# Subway trains - any ideas



## MartyI (Dec 24, 2009)

Hi folks,
My son and I would like to add a subway to our layout outside. He really wants a subway like he just saw in NYC on thanksgiving. Any idea if they were ever available in g gauge/scale. I know her are plenty for O. 
Thanks for the help.


----------



## Big65Dude (Jan 2, 2008)

Marty,


I've got an extensive subway system under _my _layout. 


Of course, there's not much to see...


*:*o)


----------



## s-4 (Jan 2, 2008)

Marty, I think the interurban cars from HWL are about as close as you'll find. If you can find trucks for the Aristo PCC, I imagine you could create a terrific homebrew.


----------



## VictorSpear (Oct 19, 2011)

Fantastic idea !! Has been on my mind for years too. One would have thought (and still thinks) that Aristo, which had its ancestral home in Jersey City would have at least built one subway car or PATH car. 

The new PATH cars are outstanding and are the latest in the nation's fleet of passenger cars










And the Hudson-Bergen Light rail does have some of the best waterfront scenery in the World !!! What a singular modeling opportunity for anyone.

















(By the best Starbucks location I know, next to the Pavonia Station) 










The old rail line on the East Side of Manhattan High Line (recovered for posterity.. tracks are 40 feet below these play benches) 
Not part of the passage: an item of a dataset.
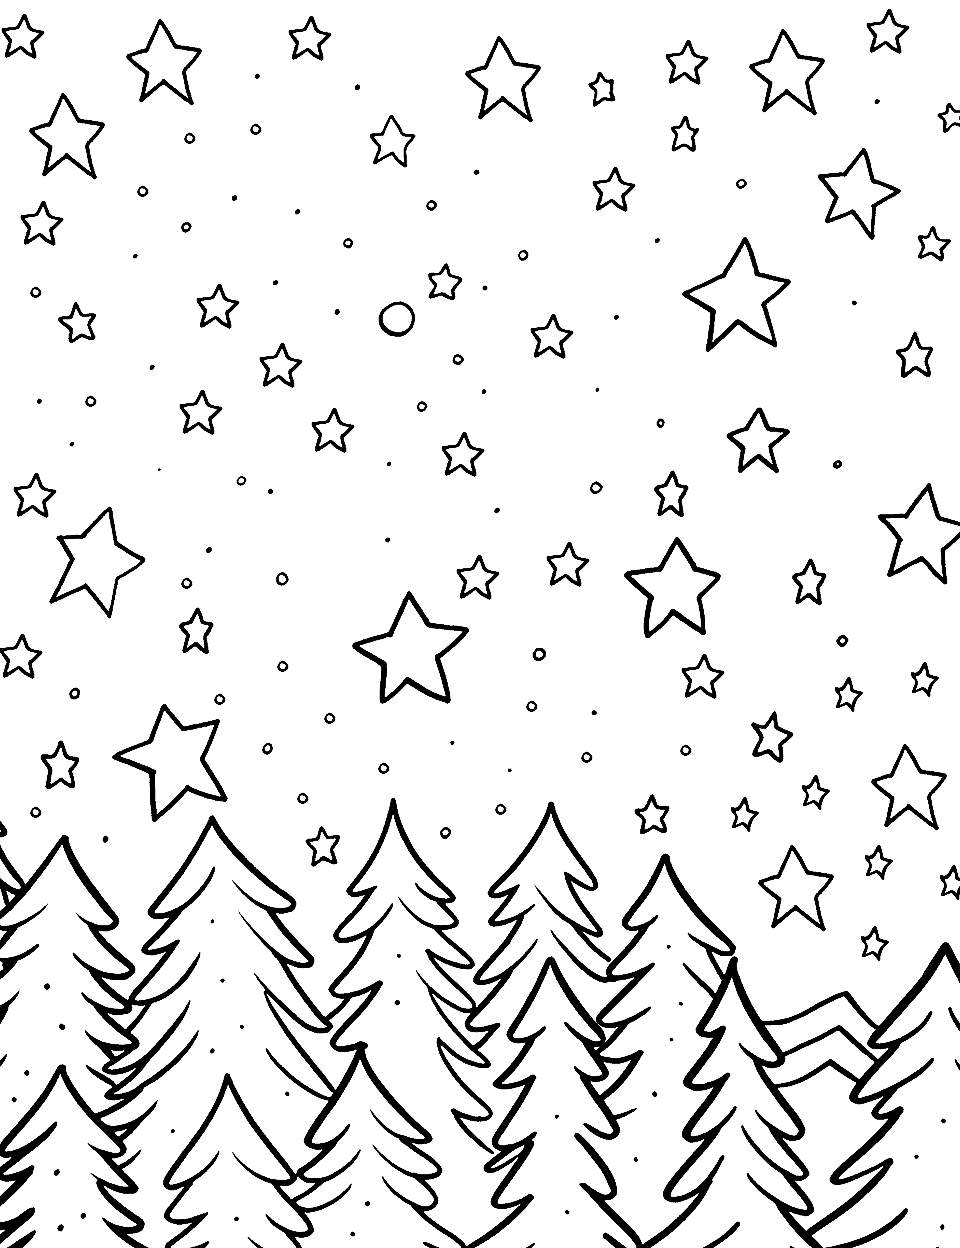 Night Sky Spectacle Star Coloring Page - A landscape showing a night sky filled with stars over a peaceful forest.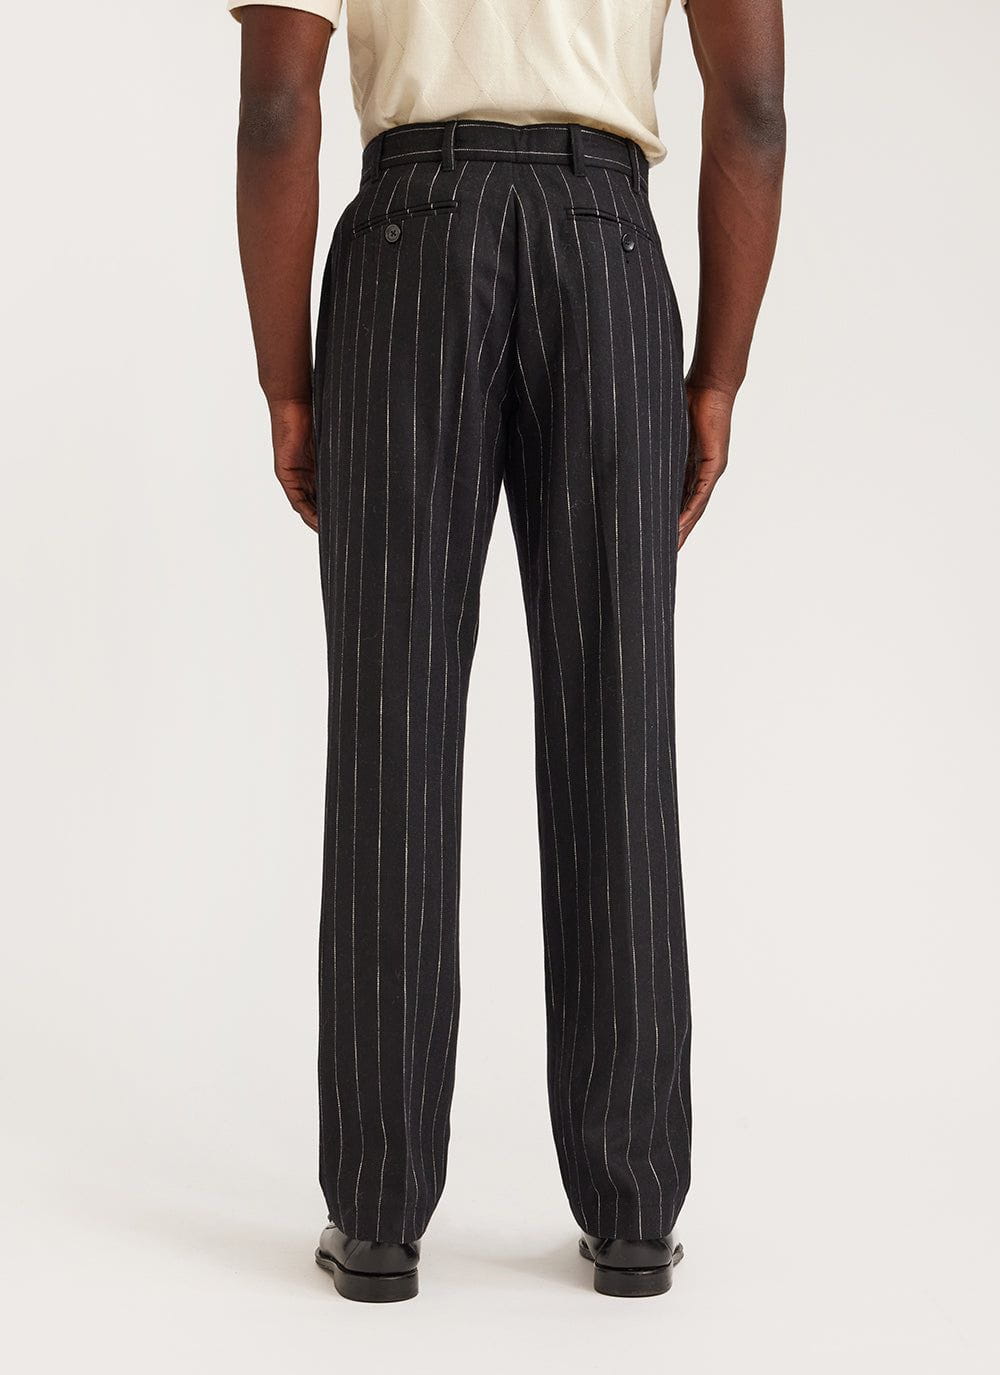 Buy stripes pants for men ankle length in India @ Limeroad

Tremendous scenes from the High Line* here.* IMHO ... an urban idea that recovered old track, preserved it, and brought appreciation to the real estate around it - my estimate $1.2 billion today. See if you can find a rare NYC sign which says "Protect the Plants today" in one of the pictures !


----------



## John J (Dec 29, 2007)

Come to think of it....If you had a elevated layout, like a live steam track, You could do a real kewl thing by building the Subway system and hanging it under the track deck. You then could build entrances and stairways up to the layout above.


----------